Volumen 4, Numero 110
20 de octubre de 2004

El Camino Hacia una Paz Duradera

Estimados Amigos,

A modo de presentación, soy un consultor matemático, un Cuáquero y un pacifista, más o menos en ese orden. A diferencia de la mayoría de matemáticos, me enfoco de manera exclusiva en las ciencias sociales, creando y refinando modelos dinámicos del desarrollo y la evolución de las sociedades. En mi trabajo como consultor, y con financiamiento del Departamento de Defensa de los Estados Unidos, durante los últimos diez años he trabajado de cerca con los líderes nacionales y las fuerzas armadas de más de una docena de países de Latinoamérica y el Caribe. En el pasado trabajé para las Naciones Unidas, en el tema de la transformación de unidades militares en operaciones con el objetivo de preservar la paz. Más recientemente, he dirigido mi atención hacia los males institucionales y psico-sociales que aquejan e incapacitan a sociedades enteras y a sus gobiernos. Hoy en día, dirijo seminarios y ejercicios para la planificación y ejecución de reformas estructurales de largo plazo, con los máximos niveles de mando de seis países latinoamericanos, siempre con un enfoque hacia los principales factores que amenazan la seguridad nacional. La lista de dichos factores comienza siempre con dos asuntos universales: la pobreza y la corrupción, seguidos frecuentemente por asuntos menores como el narcotráfico, el crimen organizado, los efectos de la globalización, los problemas de gobernabilidad y debilidad institucional, la inmigración y el contrabando.

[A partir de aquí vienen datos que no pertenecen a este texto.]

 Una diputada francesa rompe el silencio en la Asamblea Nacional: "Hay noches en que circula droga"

De mi experiencia con el Tercer Mundo, la cual comenzó cuando era niño cerca de un campo de refugiados en Lahore, Pakistán, he llegado a la conclusión que la principal amenaza en contra de la paz raras veces ha sido una guerra entre naciones, a pesar de que dichas guerras se han llevado la mayor atención en la historia. Esta falta de paz que aqueja a las naciones tercermundistas se debe más a menudo a guerras civiles y conflictos internos; a violencia urbana e impunidad; a violencia doméstica, y al abuso y descuido de la niñez. Para mí, la dicotomía que a menudo se usa entre la guerra y la paz es extremadamente engañosa. Tomemos un ejemplo, cuando en las familias, los pueblos, las ciudades o los grupos étnicos no existe la paz, tenemos un problema tan serio equivalente a una guerra militar formal. En otras palabras, la paz es un atributo crucial, que se extiende de igual importancia a todos los niveles de la sociedad.

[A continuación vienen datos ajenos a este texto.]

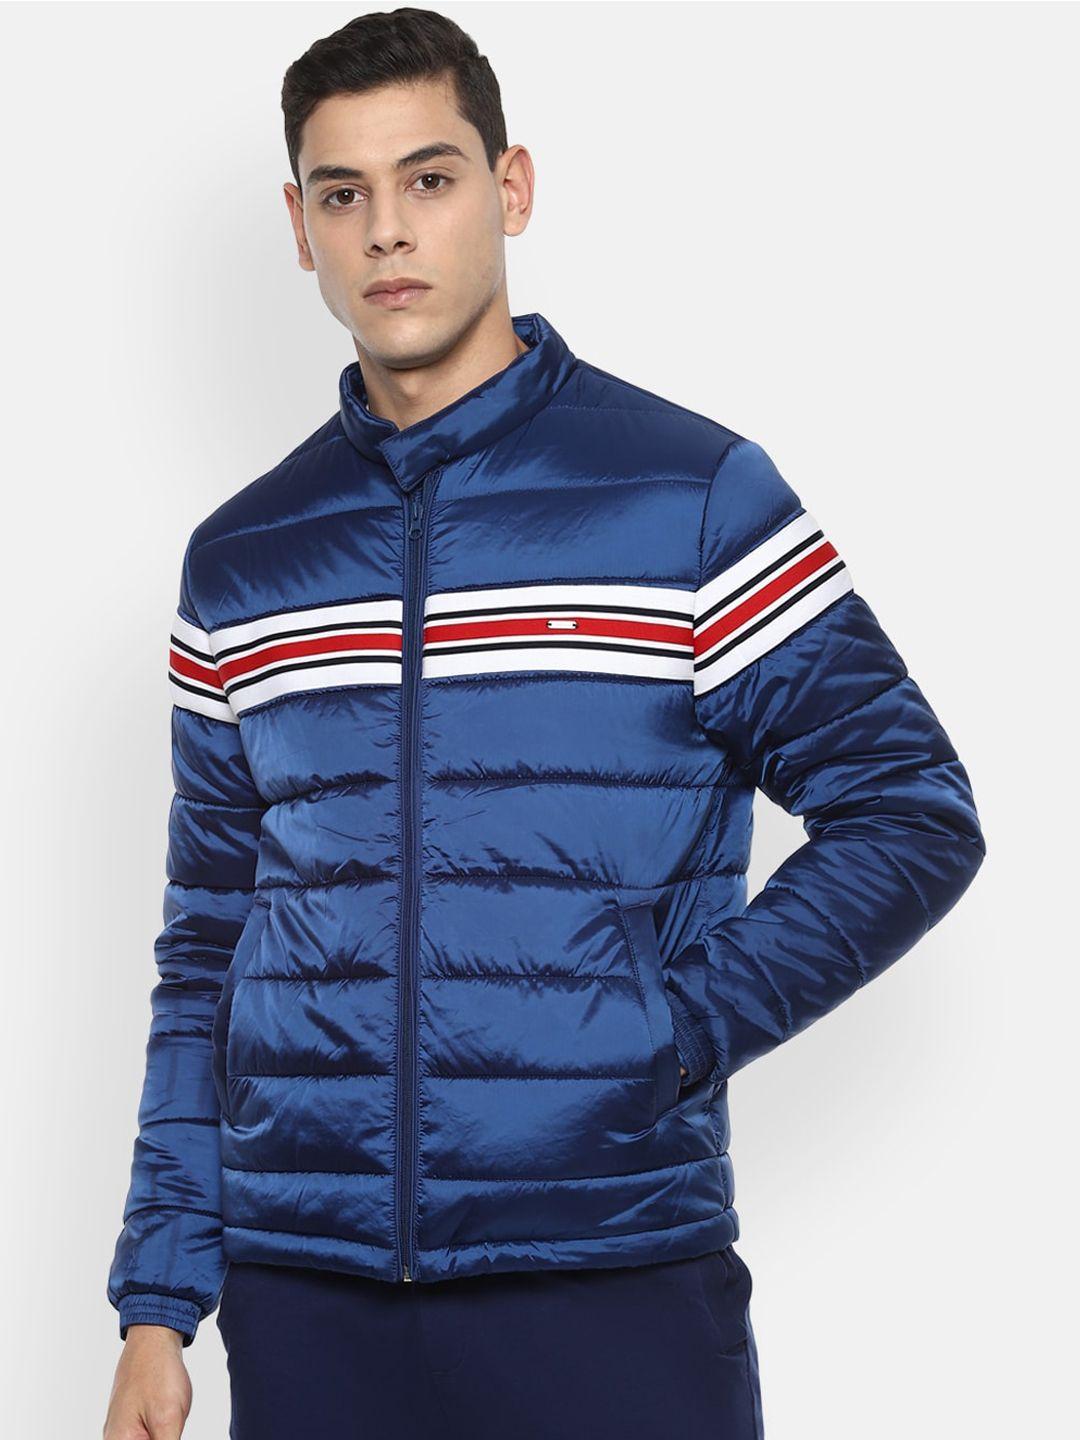 van heusen sport men blue red striped lightweight puffer jacket

En el español existe una palabra que se usa comúnmente para describir una categoría importante de agencias gubernamentales, que incluye la salud, la educación, el bienestar social, la seguridad social, y el empleo. Esta palabra es psico-social. Su traducción al inglés, el adjetivo “psychosocial”, nunca se utilizaría en Norteamérica para describir este grupo de agencias. Para nuestros oídos del norte, suena demasiado psicológico, pero para los oídos latinos el término da justo en el blanco. Yo pienso que en este caso el punto de vista latino es el correcto, ya que las obras de estas agencias afectan el bienestar psicológico de los ciudadanos. Aunque aquí, en el Norte, preferimos ignorarlas, en realidad existen profundas consecuencias sicológicas producto del fracaso en la educación, en la protección a madres y niños, en la provisión de servicios básicos de salud pública, en la denuncia de abusos salariales y condiciones inhumanas de trabajo, en la provisión imparcial de servicios judiciales. Sin estos servicios fundamentales, generaciones enteras crecen alienadas e ignorantes, carentes de esperanza y con profundos traumas, propensas a la violencia y a recapitular sobre sus hijos todos los daños hechos sobre ellos. Este no es el camino hacia la paz, es un camino hacia el estancamiento y la desdicha, hacia erupciones repentinas de extraordinaria violencia e inclusive estallar una guerra.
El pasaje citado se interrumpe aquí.